# Hilton Waikoloa Beach Resort-2br plus vs 2 br prem



## Dr. Beast (Aug 30, 2011)

Hello.  I'm in the process of making reservations at the Waikoloa Beach Resort. Never been there before.  Does anybody know any specifics in reference to the difference between a 2 bedroom plus and a 2 bedroom premiere there? I assume that the premiere offers a better view, but is the room itself any different size or amenity-wise?

Thanks in advance for your replies.


----------



## Dr. Beast (Aug 31, 2011)

Looks like the premiere has a jacuzzi tub instead of a "soaking tub".  That's the only difference I notice aside from the view. 

Another question -- would anyone know if the 2 bedroom plus units are all on the first floor?  The description of a premiere specifically says that those units are on second or third floor, but the plus units do not make a distinction of what floor they are located on.  I was also under the impression that the suites at Waikoloa had washer/dryer in the unit  --  this doesn't appear to be the case based on the description -- I must be confusing it with Kings Land.  
Does anyone know if there is "community laundry" available at Waikoloa?

Thanks again.


----------



## HatTrick (Aug 31, 2011)

Premier units are on the third floor or are end units on the second floor. Plus units are on the second floor or are end units on the first floor. All units have a mini washer-dryer combo.


----------



## Bill4728 (Aug 31, 2011)

Please note that the best views at the resort are still not very good. They are from far away and not full ocean views.


----------



## Dr. Beast (Aug 31, 2011)

HatTrick/Bill -- really appreciate your input.  Exactly what I wanted to know.  Booked the reservation last night for the 2 br plus -- now I'll keep my fingers crossed and hope I don't get stuck on the 1st floor. Ha!

Thanks again.


----------



## Emi (Aug 31, 2011)

The 2BR Plus are on the first and second fl of the buildings facing the golf course. Call the front desk a couple of weeks before and ask for a 2nd fl unit.
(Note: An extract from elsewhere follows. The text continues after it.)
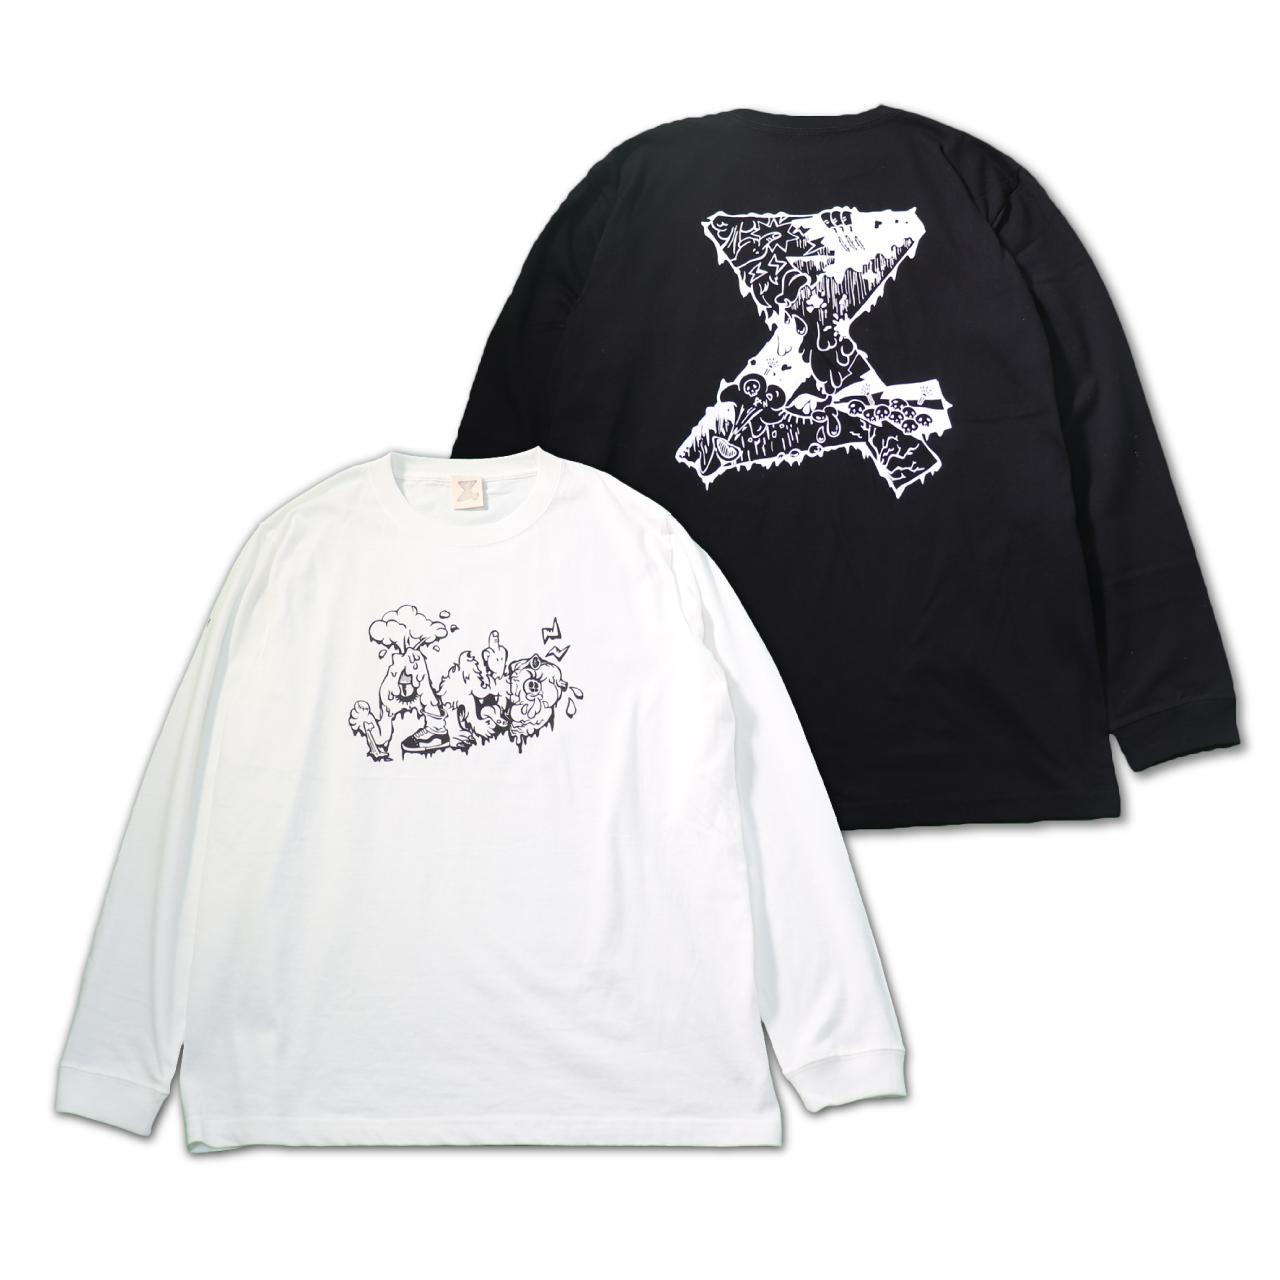 Muddy Monster Long Tshirts【mono ver.】
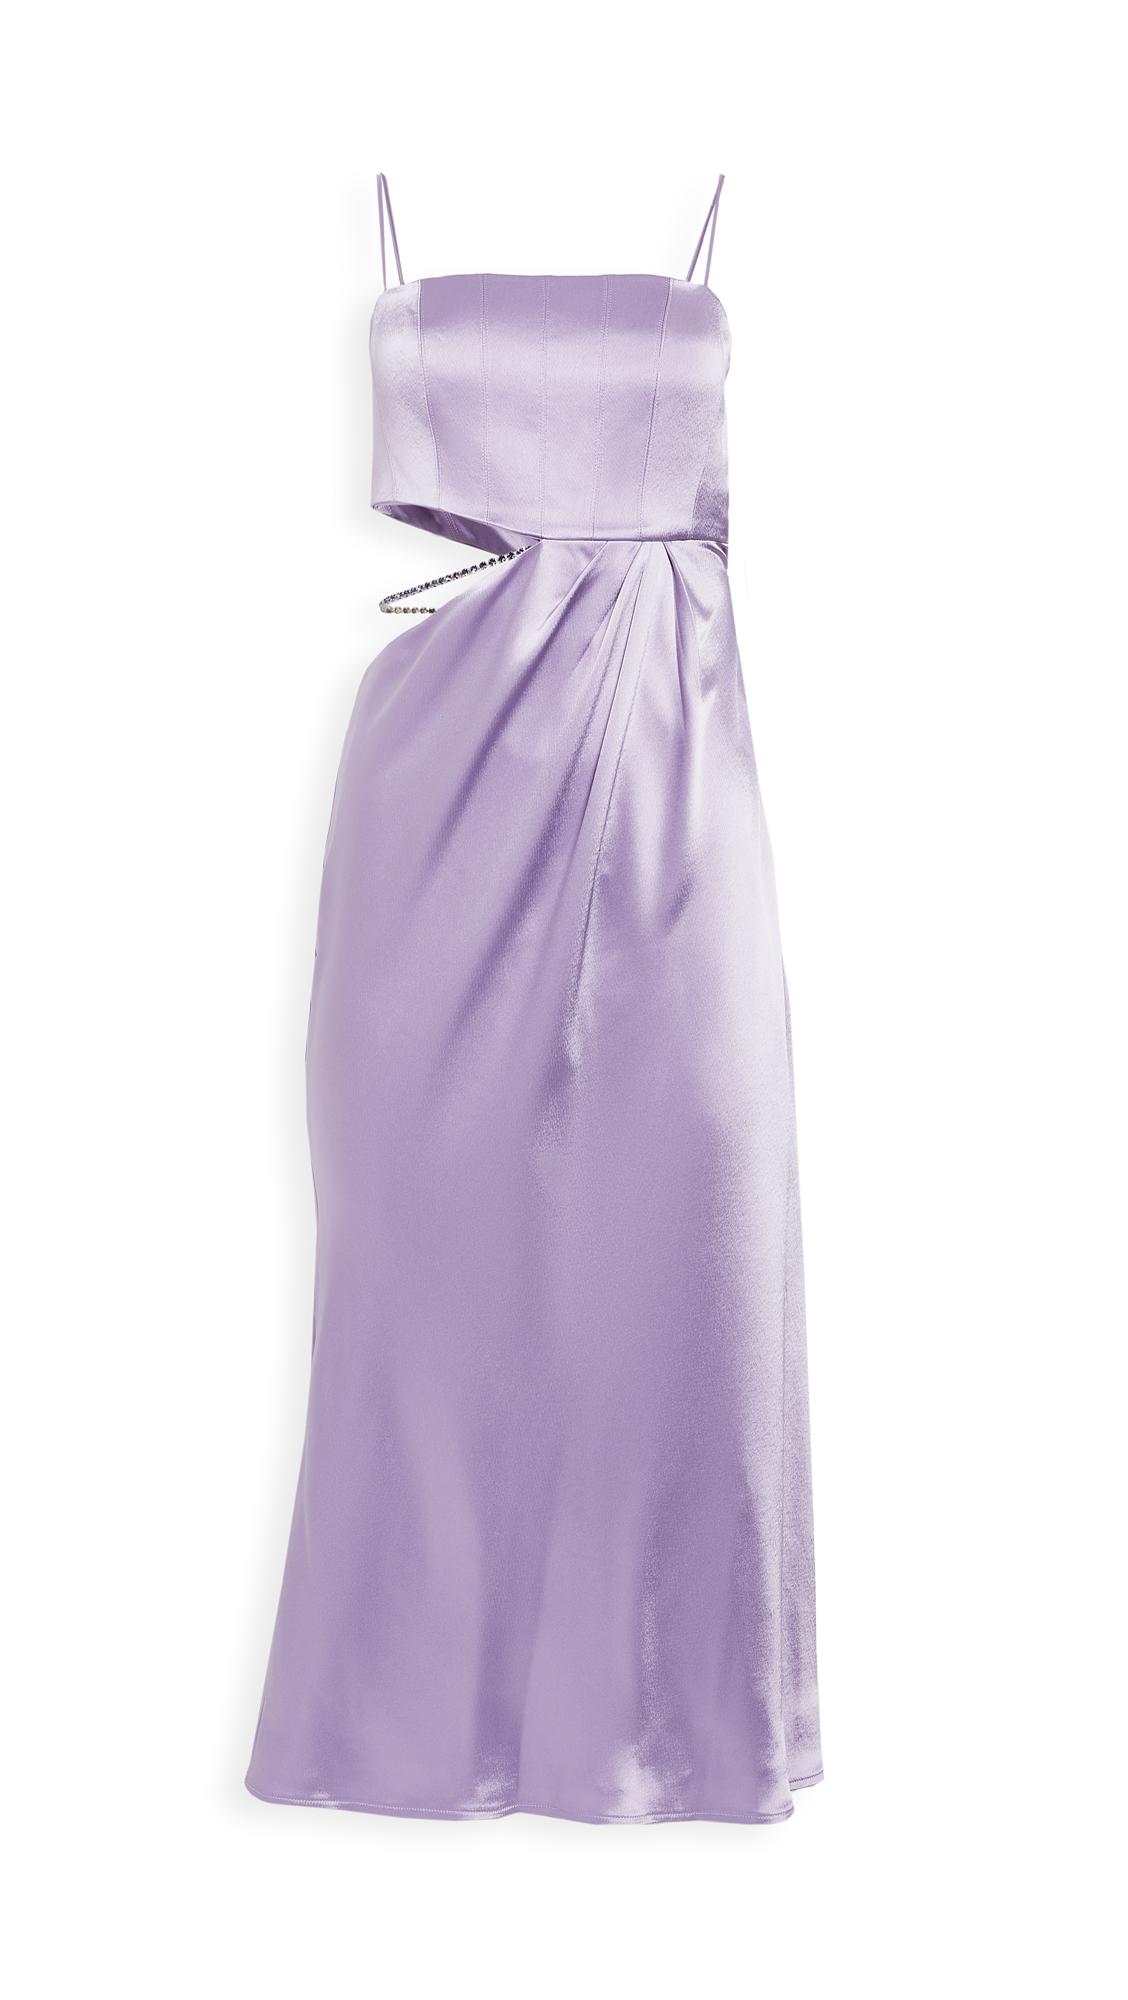 Nafsika Skourti Carla Dress Midi - 20% Off Sale

They may accommodate you. The unit sizes are all the same and the 2nd and 3rd fl have pretty much the same view. The premier are the top fl with higher ceilings, jacuzzi, multi head shower, completely tiled bath suite, shower in 2nd bathroom. The benefit of top fl is no above head noise.


----------



## Brkian (Sep 5, 2011)

Dr. Beast said:


> Hello.  I'm in the process of making reservations at the Waikoloa Beach Resort. Never been there before.  Does anybody know any specifics in reference to the difference between a 2 bedroom plus and a 2 bedroom premiere there? I assume that the premiere offers a better view, but is the room itself any different size or amenity-wise?
> 
> Thanks in advance for your replies.



Here's what I found when I called WBR last month when trying to plan my upcoming trip (we opted for Kings Land, but only because we could book open season for the weekends which saved us from coughing up the steeper point value).  WBR has buildings that either face the golf course, or face the road.  All the rooms (all three floors) in the road buildings are considered "standard" room types.  All the rooms in the golf course are "plus" or "premier", with the premier having more favorable location (corner units, or top floor, etc).  I didn't drill into the plus/premier details since all I wanted was a non-first floor standard room.  The bottom line is that the best bang for your points is probably a standard room with a road view and then ask for whatever floor you prefer.  As for the view of the road, I was told that while you can see the sparsely travelled access road to WBR, you also have a beautiful view if you lift your eyes to the landscape beyond it.  Give the front desk a call and they will talk you through the specifics to help you reach a decision that works best for you.


----------



## Pack My Bags (Sep 6, 2011)

Dr. Beast said:


> Looks like the premiere has a jacuzzi tub instead of a "soaking tub".  That's the only difference I notice aside from the view.
> 
> Another question -- would anyone know if the 2 bedroom plus units are all on the first floor?  The description of a premiere specifically says that those units are on second or third floor, but the plus units do not make a distinction of what floor they are located on.  I was also under the impression that the suites at Waikoloa had washer/dryer in the unit  --  this doesn't appear to be the case based on the description -- I must be confusing it with Kings Land.
> Does anyone know if there is "community laundry" available at Waikoloa?
> ...



I own and have stayed in a 2 bedroom premier a few times.   They are on the 3rd floor and do have washer and dryer in the units.  The body showers are fantastic and one of the best features.  I will be staying at Kings Land in 2012 for the first time since I need a 3 bedroom unit.  Toured Kings Land last year and the pool area is very nice; however, my first impression of the unit furnishings is that the Waikoloa Beach units are a little nicer (lots of teak wood, etc.).  Have a great time and enjoy the aloha spirit!


----------